*** Opening Listed records ***

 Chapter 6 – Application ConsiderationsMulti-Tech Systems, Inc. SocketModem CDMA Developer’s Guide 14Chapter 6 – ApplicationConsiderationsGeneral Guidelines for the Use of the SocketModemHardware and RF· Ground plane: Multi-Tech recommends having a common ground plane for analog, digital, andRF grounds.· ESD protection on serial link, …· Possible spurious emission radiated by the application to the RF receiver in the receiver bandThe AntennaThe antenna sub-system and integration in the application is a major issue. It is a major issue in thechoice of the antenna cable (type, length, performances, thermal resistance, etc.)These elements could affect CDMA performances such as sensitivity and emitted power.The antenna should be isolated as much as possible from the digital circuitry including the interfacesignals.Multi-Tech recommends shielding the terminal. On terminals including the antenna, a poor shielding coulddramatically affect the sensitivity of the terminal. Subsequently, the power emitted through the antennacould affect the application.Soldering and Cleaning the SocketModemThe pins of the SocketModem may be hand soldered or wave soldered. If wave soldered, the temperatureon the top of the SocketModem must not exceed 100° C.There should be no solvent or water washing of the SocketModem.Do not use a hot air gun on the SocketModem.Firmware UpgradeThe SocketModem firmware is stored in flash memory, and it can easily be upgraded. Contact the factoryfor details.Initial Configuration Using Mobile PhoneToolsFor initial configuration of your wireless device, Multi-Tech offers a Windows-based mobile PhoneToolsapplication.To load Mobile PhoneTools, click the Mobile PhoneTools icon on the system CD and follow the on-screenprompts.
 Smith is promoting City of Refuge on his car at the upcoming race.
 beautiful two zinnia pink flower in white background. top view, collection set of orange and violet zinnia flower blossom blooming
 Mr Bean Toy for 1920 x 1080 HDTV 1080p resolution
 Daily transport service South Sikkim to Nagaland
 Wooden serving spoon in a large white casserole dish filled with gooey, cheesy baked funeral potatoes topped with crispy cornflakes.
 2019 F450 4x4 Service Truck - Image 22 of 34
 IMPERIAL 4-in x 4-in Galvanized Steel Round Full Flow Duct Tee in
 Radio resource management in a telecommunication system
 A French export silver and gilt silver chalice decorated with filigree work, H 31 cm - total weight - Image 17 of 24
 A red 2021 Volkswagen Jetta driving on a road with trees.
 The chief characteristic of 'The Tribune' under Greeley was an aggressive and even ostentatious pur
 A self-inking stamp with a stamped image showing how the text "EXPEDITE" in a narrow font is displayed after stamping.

*** Closing Listed records ***

> [Your assignment]:
Return nothing but the lines from the start of the listing above through the line containing "Daily transport service", exactly as given.

> [Output for this task]:
 Chapter 6 – Application ConsiderationsMulti-Tech Systems, Inc. SocketModem CDMA Developer’s Guide 14Chapter 6 – ApplicationConsiderationsGeneral Guidelines for the Use of the SocketModemHardware and RF· Ground plane: Multi-Tech recommends having a common ground plane for analog, digital, andRF grounds.· ESD protection on serial link, …· Possible spurious emission radiated by the application to the RF receiver in the receiver bandThe AntennaThe antenna sub-system and integration in the application is a major issue. It is a major issue in thechoice of the antenna cable (type, length, performances, thermal resistance, etc.)These elements could affect CDMA performances such as sensitivity and emitted power.The antenna should be isolated as much as possible from the digital circuitry including the interfacesignals.Multi-Tech recommends shielding the terminal. On terminals including the antenna, a poor shielding coulddramatically affect the sensitivity of the terminal. Subsequently, the power emitted through the antennacould affect the application.Soldering and Cleaning the SocketModemThe pins of the SocketModem may be hand soldered or wave soldered. If wave soldered, the temperatureon the top of the SocketModem must not exceed 100° C.There should be no solvent or water washing of the SocketModem.Do not use a hot air gun on the SocketModem.Firmware UpgradeThe SocketModem firmware is stored in flash memory, and it can easily be upgraded. Contact the factoryfor details.Initial Configuration Using Mobile PhoneToolsFor initial configuration of your wireless device, Multi-Tech offers a Windows-based mobile PhoneToolsapplication.To load Mobile PhoneTools, click the Mobile PhoneTools icon on the system CD and follow the on-screenprompts.
 Smith is promoting City of Refuge on his car at the upcoming race.
 beautiful two zinnia pink flower in white background. top view, collection set of orange and violet zinnia flower blossom blooming
 Mr Bean Toy for 1920 x 1080 HDTV 1080p resolution
 Daily transport service South Sikkim to Nagaland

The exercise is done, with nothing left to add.